- _Input data_
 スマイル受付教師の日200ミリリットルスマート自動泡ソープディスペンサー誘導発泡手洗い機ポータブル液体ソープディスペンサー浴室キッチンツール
* * *
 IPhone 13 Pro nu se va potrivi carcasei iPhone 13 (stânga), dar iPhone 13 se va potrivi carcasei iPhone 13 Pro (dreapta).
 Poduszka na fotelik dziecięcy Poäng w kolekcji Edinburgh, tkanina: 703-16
...
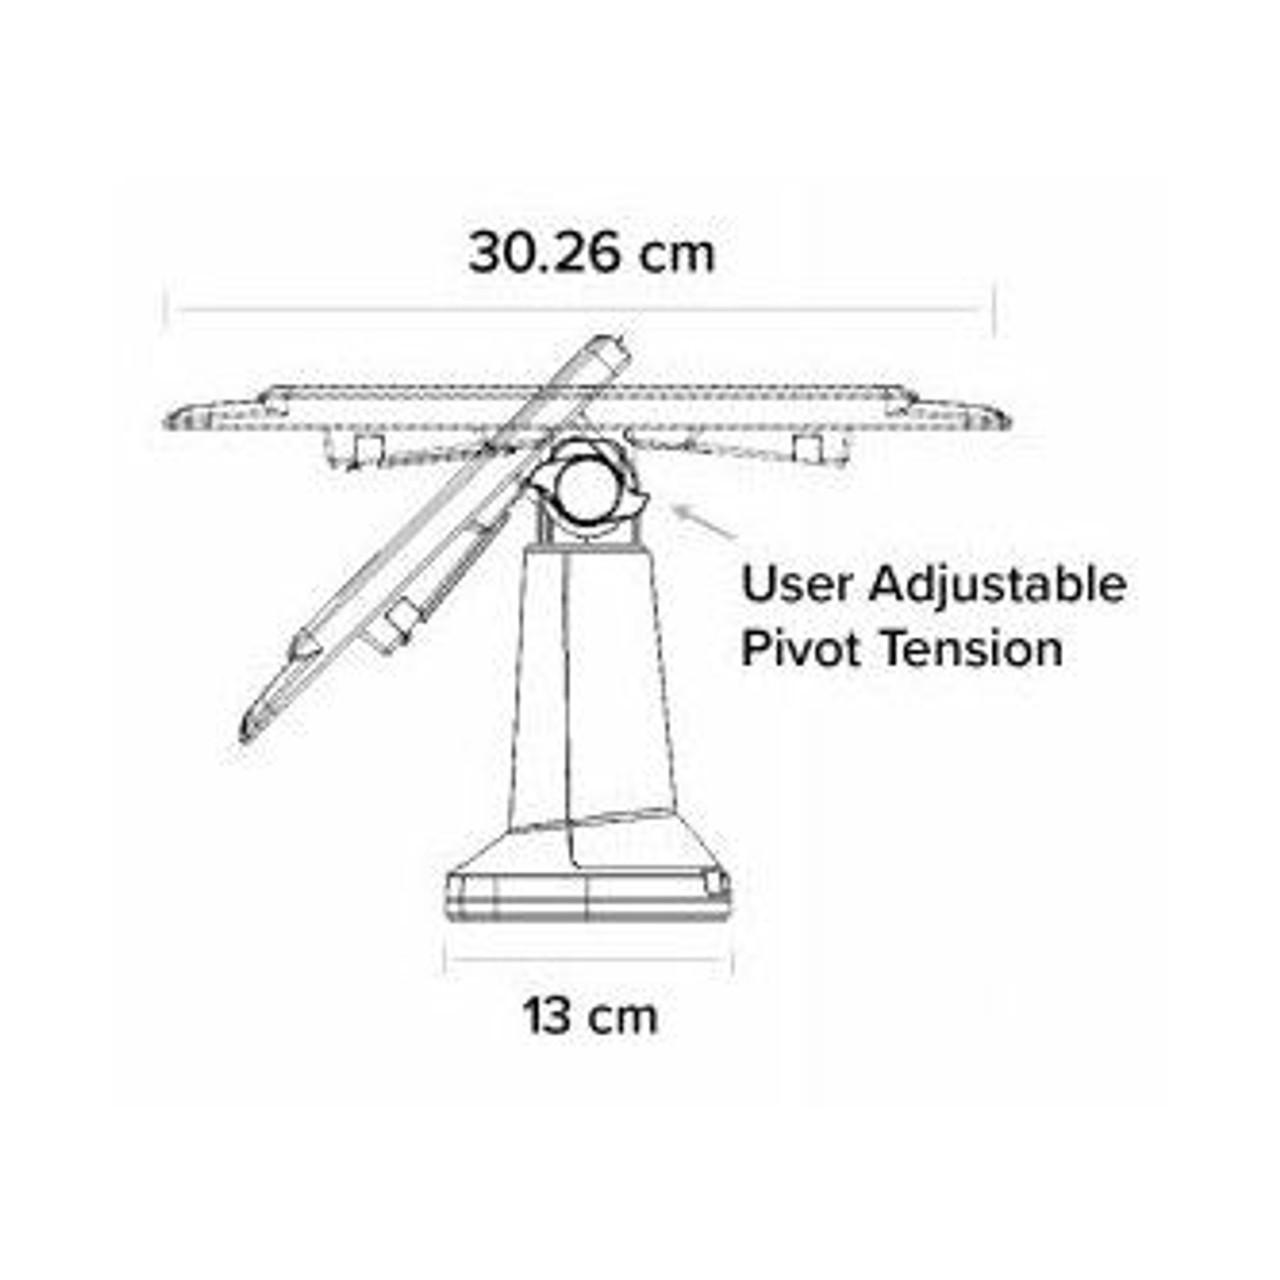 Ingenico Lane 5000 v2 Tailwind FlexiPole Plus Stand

- _Brief_
The response should hold exactly the lines starting at the line with "IPhone 13 Pro nu" and ending at the line with "Poduszka na fotelik", and no other line of the material above.

- _Your solution_
 IPhone 13 Pro nu se va potrivi carcasei iPhone 13 (stânga), dar iPhone 13 se va potrivi carcasei iPhone 13 Pro (dreapta).
 Poduszka na fotelik dziecięcy Poäng w kolekcji Edinburgh, tkanina: 703-16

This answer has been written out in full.